Mona the Vampire
- First edition cover design
- Author: Sonia Holleyman
- Illustrator: Sonia Holleyman
- Language: English
- Genre: Children's literature
- Publisher: Orchard Books
- Publication date: August 30, 1990
- Publication place: United Kingdom
- ISBN: 978-1-8436-2812-5
- Followed by: Mona the Brilliant

= Mona the Vampire (book) =

1990 book by Sonia Holleyman

Mona the Vampire is a children's book written and illustrated by Sonia Holleyman and first published in 1990 by Orchard Books. The book is the first in the Mona the Vampire series. It was the basis of the YTV television series with the same name, but animated by the now-defunct Canada-based company (currently part of WildBrain). The story centers around a young school-aged British girl named Mona and her pet cat, Fang, who pretend to be vampires together because of their obsession with spooky stories.

==Plot==
The story begins with a girl named Mona and her pet cat, Fang, being read a spooky bedtime story by Mona's father. Captivated by the tale, she develops a desire to become a vampire that very night before going to sleep.

Early the next morning, Mona and Fang are experimenting and finding things to match their ideas of vampire costumes. Mona's mother makes them lunch with farfetched foods such as "batwing soup", and Mona takes Fang outside to teach him some "important things that vampires need to know". Then they play "hide-and-seek-a-vampire" and "suck-my-blood". The book then shows an example of Mona obeying her mother as she tells Mona to clean her room.

The next morning, Mona makes her own school lunch to help her mother and goes to school, taking Fang with her. At lunchtime (according to the picture on the page), Mona expresses her views on vampires, causing everyone to become uncomfortable and to be driven away from her. After this, the book shows an example of Mona at the gym as she "practiced tying all her special knots" (tying up the other classmates).

Later that day, Mona and Fang are painting on the classroom wall, and the teacher (given the name "Miss Gotto" in the television series) shouts that she is tired of the trouble that Mona is causing and that she does not want Mona in her class. She sends for the principal (The television series later names him "Ivan Shawbly"), who simply says that "enough is enough" and "something must be done". Due to this, Mona and Fang join a ballet class to "calm her down". They teach the ballerinas some vampire tricks of which the teacher, Mr. Kersley, does not approve.

When it is time to go home, Mona pedals home with Fang, taking a shortcut beside a local graveyard. As it starts to rain and storm, it reminds Mona of things from the spooky stories which she is obsessed with, and she becomes spooked, causing her to pedal faster. When Mona and Fang are back home, they are sick and tired from the storm. Mona's mother makes them hot chocolate, sends them straight to the bath and then to bed.

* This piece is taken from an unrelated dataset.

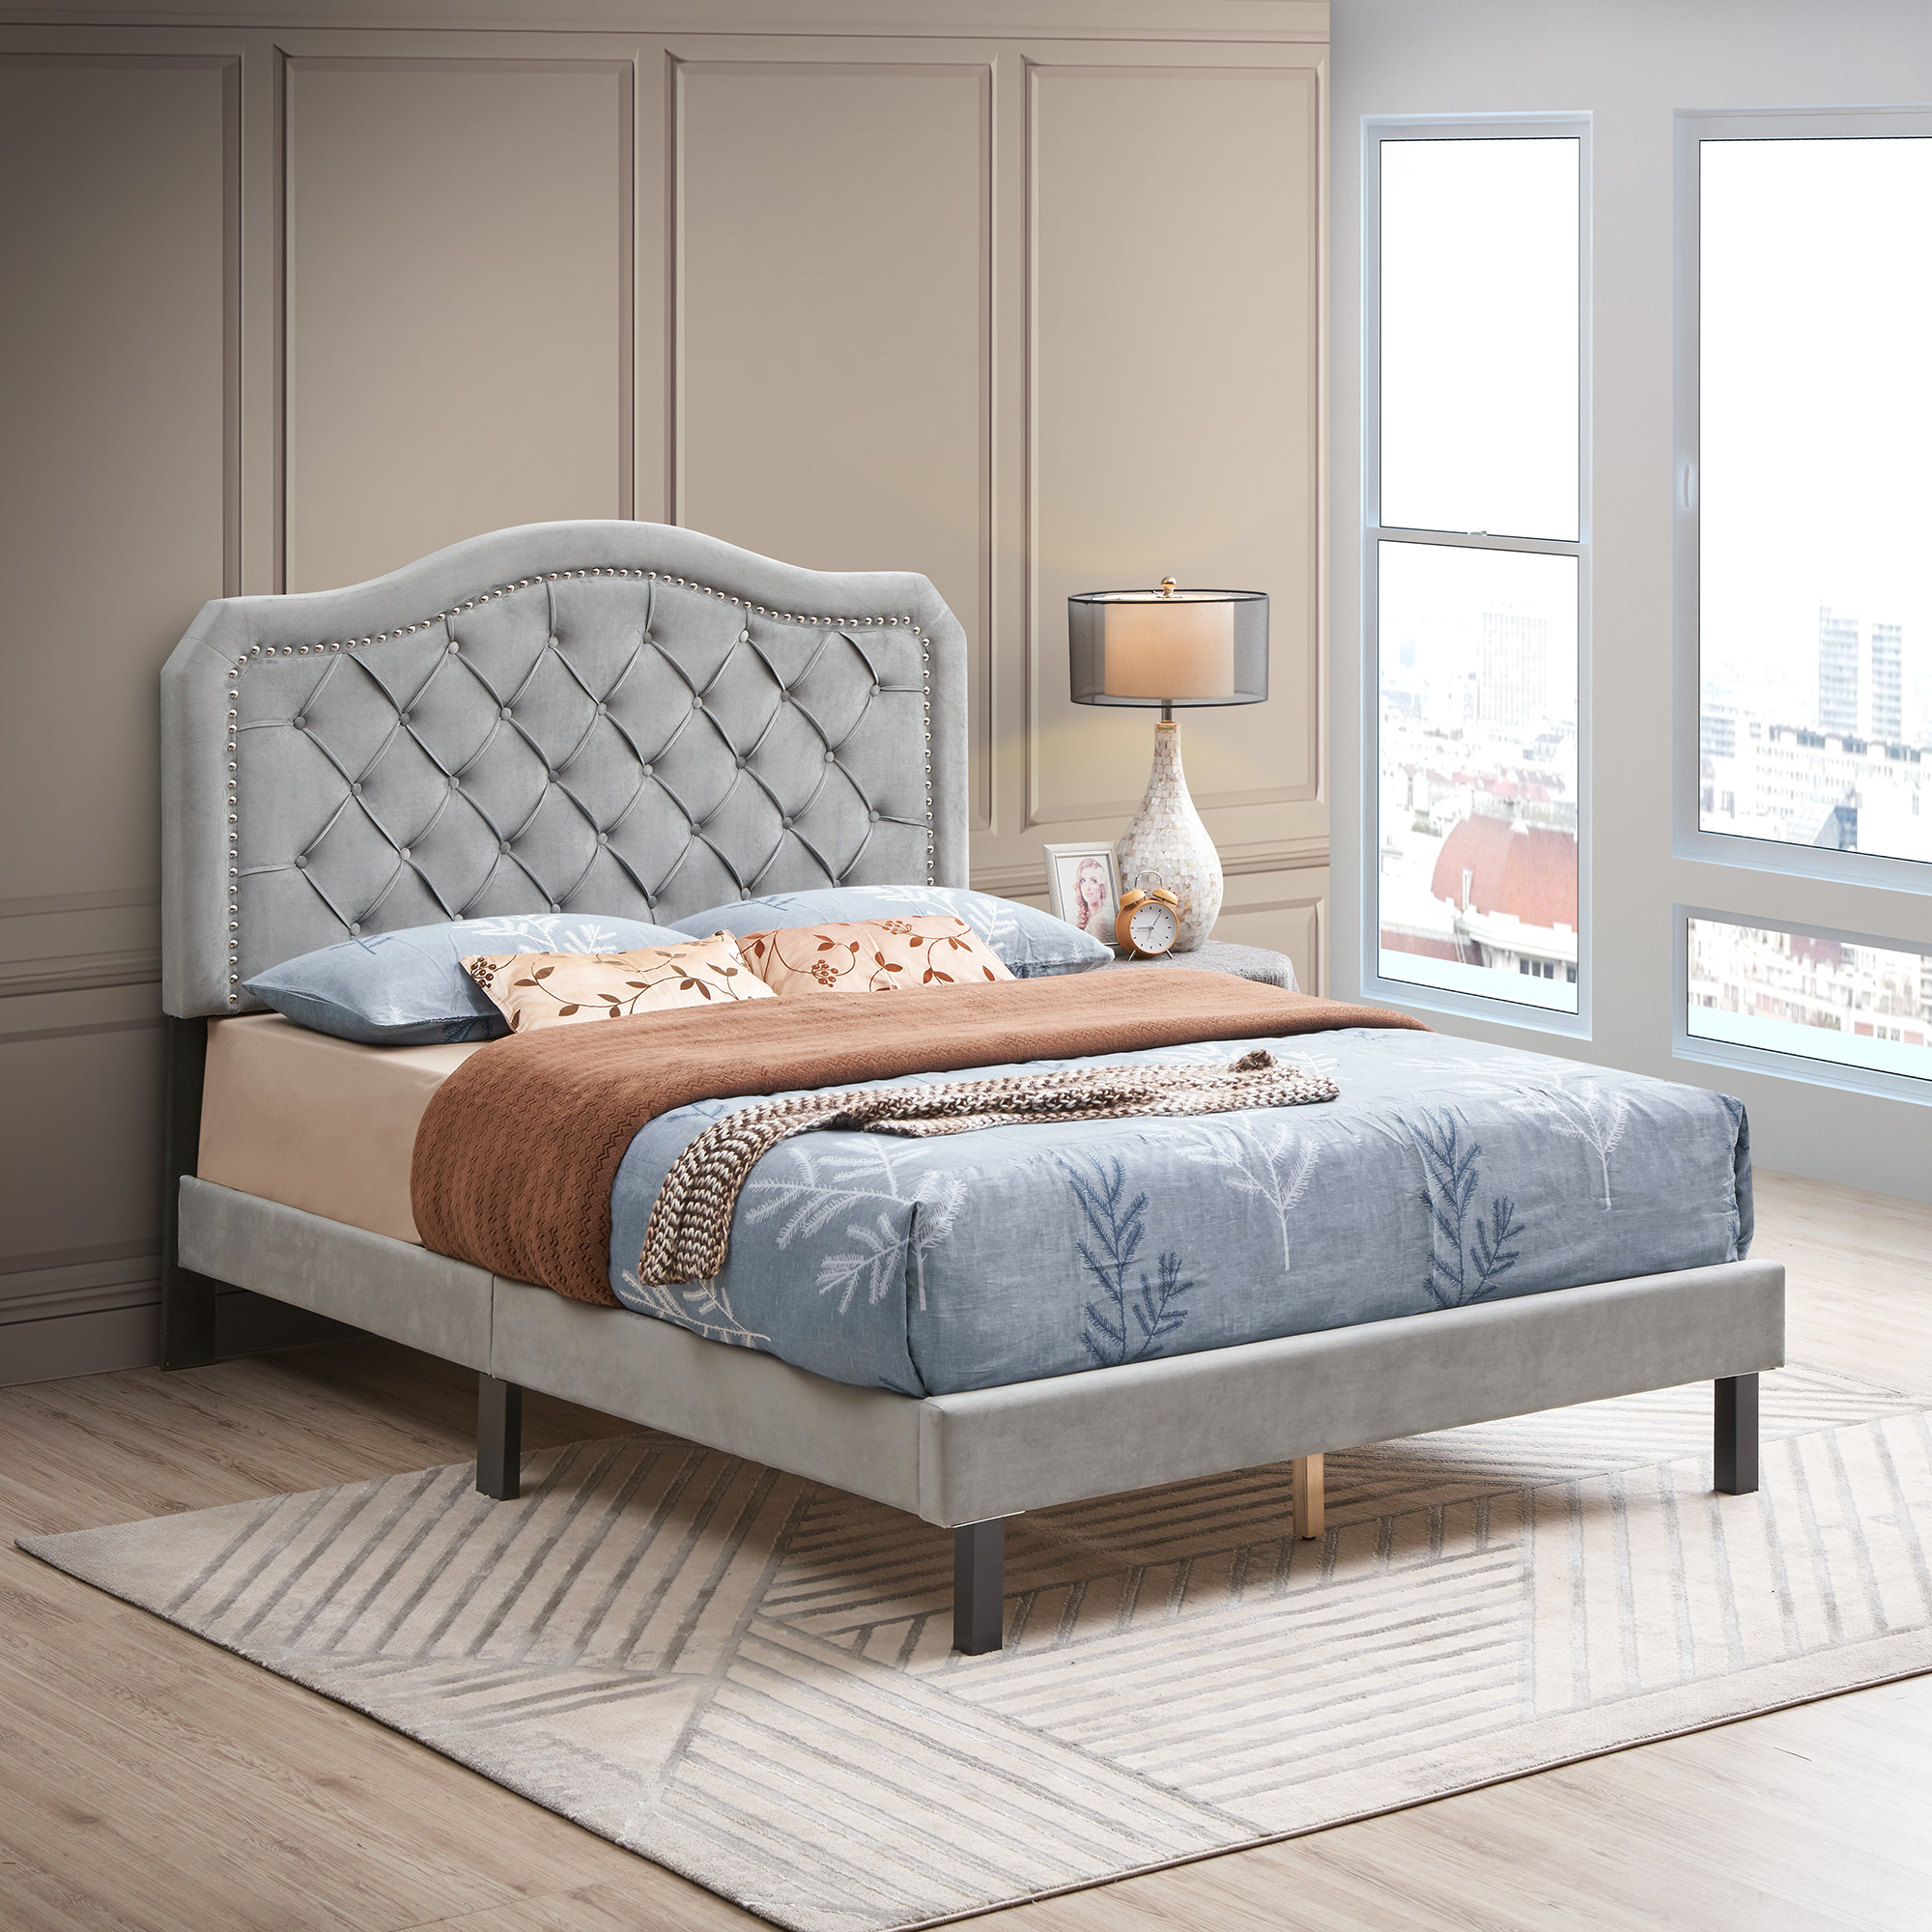 Upholstered Bed Button Tufted with Curve Design - Strong Wood Slat Support - Easy Assembly - Gray Velvet - platform bed - Queen-CASAINC

That night, Mona has nightmares about "wicked witches and ghostly ghouls". In the morning, Mona puts away all the parts of her vampire costume and decides to get over her obsession with vampires. The story ends that night as Mona's father reads Mona and Fang a bedtime story about space invaders.

==Reception==
A 1991 Publishers Weekly magazine article described Mona the Vampire as a "droll debut [that] features vivid, cartoony art replete with outlandish images that will tickle kids' funnybones, and maybe other bones as well." It also claimed that the book is suitable for ages 4-9.

In a 2007 article of the Canadian regional newspaper Waterloo Region Record (at the time known as The Record), editor Lynn Haddrall mentioned that Mona the Vampire was one of the books that she found under a Christmas tree in the lobby during a Books for Kids event, along with Rude Ramsay and the Roaring Radishes by Margaret Atwood, and a picture book based on the animated Disney film The Lion King. Haddrall described that these three book donations are "a good thing, because [Books for Kids needs] to provide books for many age levels."